Refresh or Rebrand? When is it time to change, and how much?
In 2012, Proctor & Gamble launched TidePods, a revolutionary dissolvable pod with multiple cleaning solutions that worked to clean and fight stains without pouring or spills. This invention helped P&G reach a new market and gain a competitive advantage.
Who knew that the “Tide Pod Challenge” would emerge in 2018 and spread like a wildfire as adolescents across the country were “dared” to eat them like a tasty snack.
You can’t prepare for the stupidity of future generations, and you must always be ready to problem solve. After the “Tide Pod Challenge,” Tide went into crisis management mode and rethought its messaging and packaging. They used a public relations campaign to validate concerns, show action and control the narrative.
When it comes to your business and brand, adaptation is key
In 1994, when eCommerce was officially introduced, it was revolutionary for the shopping experience and terrifying for the design community. Until this point, most agencies and designers focused their creativity solely on print, and television advertising. The online platform introduced a new advertising spot, a smaller canvas, and a more significant challenge for creative professionals. The design industry was forced to adapt to meet the changing needs of the consumers and businesses they worked for.
That’s how design works.
Values change, needs arise, and design helps us problem-solve. Whether driven by the introduction of new technology, the change in consumer preferences, or the desire to stand out, there’s never a wrong time to evaluate how your company has evolved. And when your company evolves, so should your design.
This begs the question…
The question is ambiguous because it depends wholly on the state of your company.
Many companies are scared to overhaul their brands completely. Whether they’re afraid of the backlash or losing the loyalty of their customers, they’ve spent time and money on the old one, or they just don’t think this is necessary, we’ve learned that there is a proper time to rebrand entirely, and a proper time to simply refresh the design elements.

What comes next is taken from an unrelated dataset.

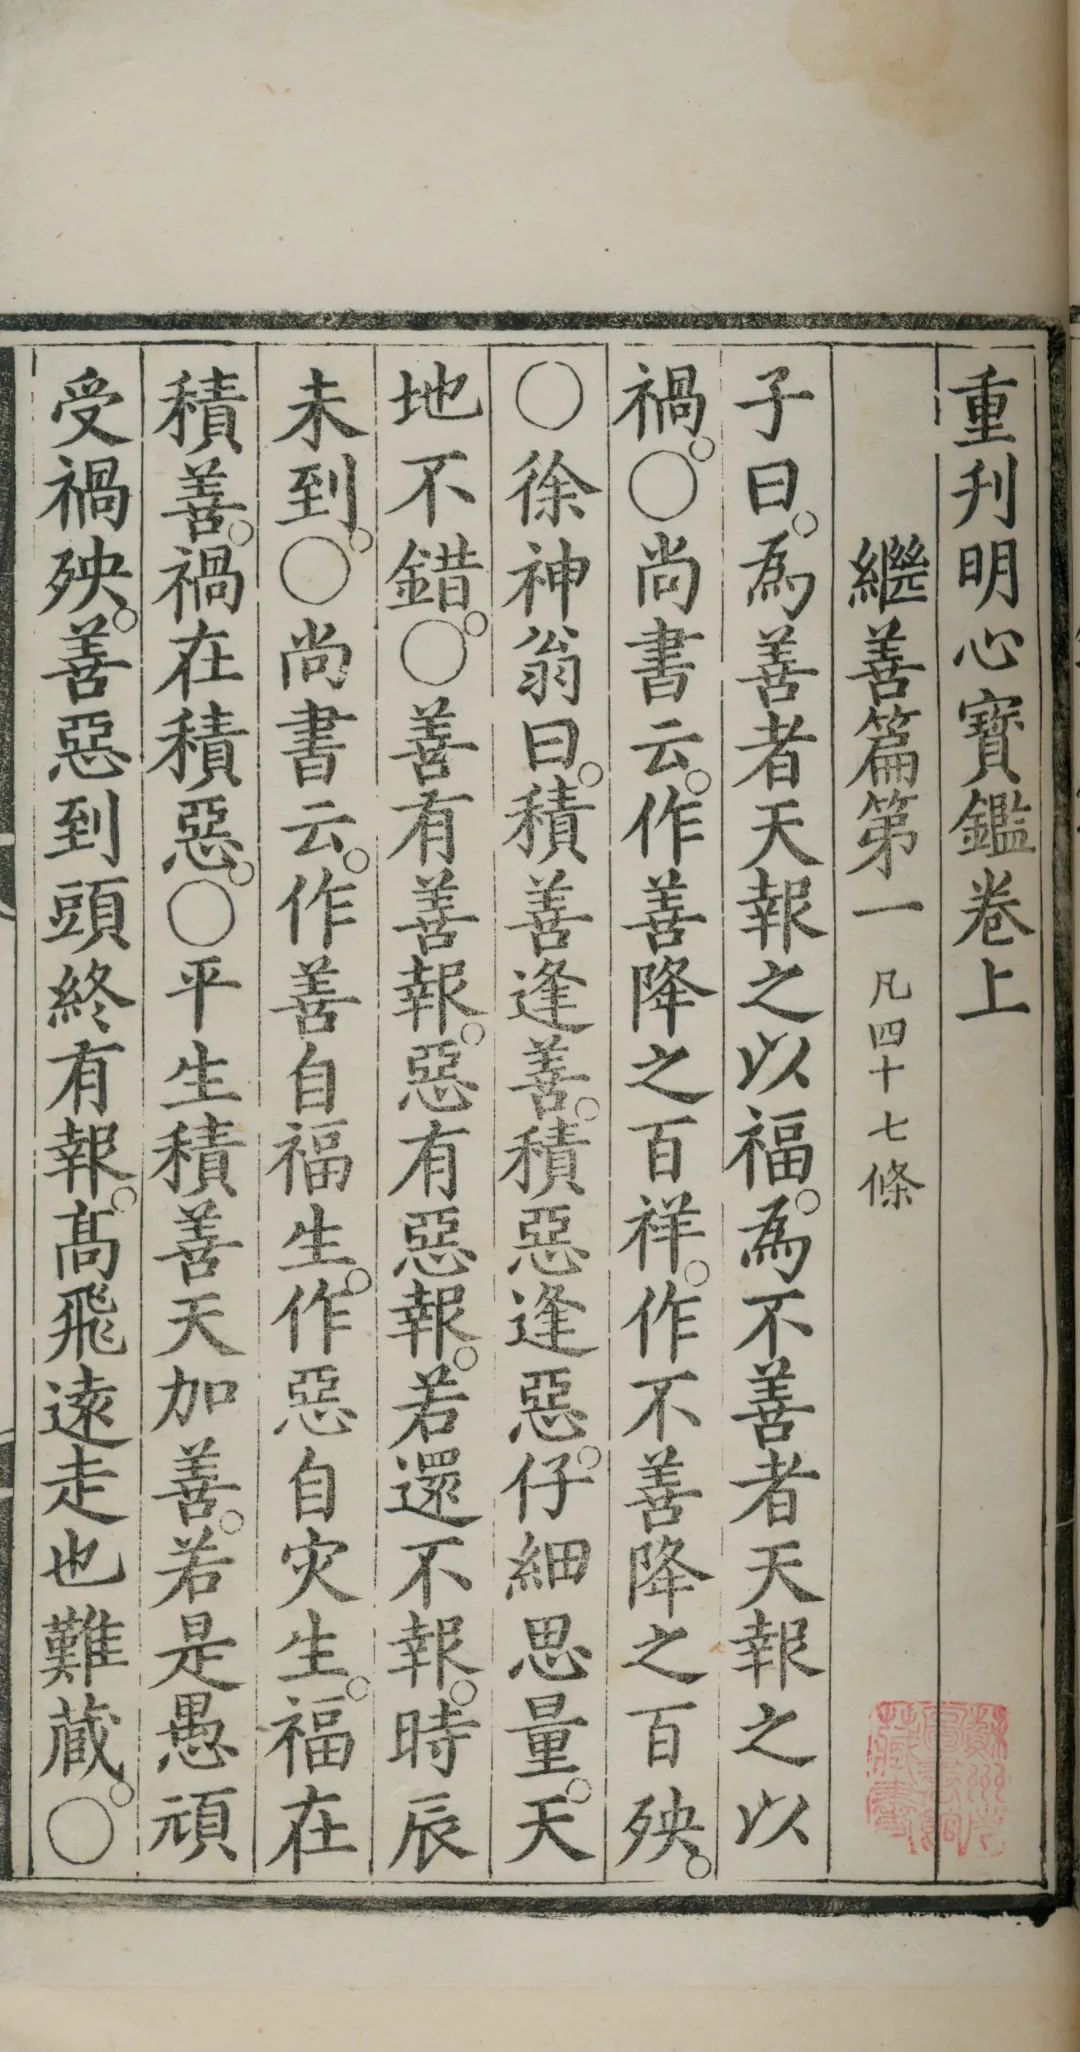 明嘉靖三十二年（1553） 内府太监曹玄刻《重刊明心宝鉴》 苏州图书馆 藏

Even the strongest brands have a shelf life. According to Brand Leader, “Even household names go through a brand overhaul every 7 to 10 years.”
You know it’s time for a complete rebrand when:
- Your branding no longer reflects the core values of your company
- You’re failing to differentiate yourself from competitors
- Your business model/strategy has changed
- You’re undergoing a merger/acquisition
When doing a complete rebrand, it’s not just about visuals. By contrast, a rebrand is a complete repositioning of your brand. With a rebrand, you leave everything about your current brand in the past.
This means re-considering your company, Strategy, Positioning, Personality, Voice & Tone, etc.
A great example of this, an impressive rebrand is Burger King
Realizing that they were falling behind in their market and struggling to compete, Burger King began making internal changes to improve the quality of their products and eating experience. They changed their recipes to move towards healthier, more desirable food, refreshed their store design to create a more enjoyable eating experience, and improved the accessibility of their restaurant with curbside pickup spots, a walk-up window, and multiple drive-through lanes.
To express these quality and structural improvements, they also completely overhauled their brand and visual identity. In 2020, Jones Knowles Ritchie, Executive Creative Director Lisa Smith, and Burger King’s in-house design team worked together to strategize a rebrand that came out in early 2021.
Inspired by the logo roots, they designed a bold and retro logo that better communicates the “best of Burger King” and the energy behind this rebrand.
In addition to the logo redesign, they introduced more “in your face” photography and an illustrative style that aims to make the brand appear less synthetic and more desirable.
Burger King has re-evaluated its place in the fast-food industry. They have seen where they are falling short and have overhauled their brand to improve their place in the industry. Much needed and well respected by many renowned agencies, the Burger King Rebrand is an excellent example of the right time and way to Rebrand your company.
Learn more about the refresh from the design firm here.
The changes made by Burger King were necessary and vast. But perhaps the need for large-scale change isn’t that evident at your company.
You’re not falling behind, you’re not restructuring, but you simply feel your branding doesn’t quite fit with the world around you.
This is usually a sign that you may not need a complete overhaul but simply a refresh.
Reasons to Refresh:
- To correct out of date trends
- To showcase core values that arent being appropriately showcased
- To reflect the evolution of your business
- To help showcase new product lines
A Brand Refresh is more of a cosmetic solution to a problem; rather than starting from scratch, you’re simply giving the brand/design a facelift.
When doing a brand refresh, start with the essential core values and evaluate how they are expressed in the visual identity. From there, we find places to improve, whether in typography, spacing, balance, or contrast. In a similar but less dramatic way, The J.M. Smucker Co completed a brand refresh in late 2020 that got some controversial feedback.
Rather than a complete overhaul, Smucker simply refreshed their identity to reflect the evolution of the company and its products.
The primary purpose of the Smuckers facelift was to accurately accentuate the company’s diverse portfolio of brands. Although the feedback from this update varied widely. Everyone considering a refresh or rebrand must understand going into it that the changes made will not always be liked.
Change requires disruption. People hate change.
Don’t be scared to refresh or rebrand. As your company evolves, so should your design.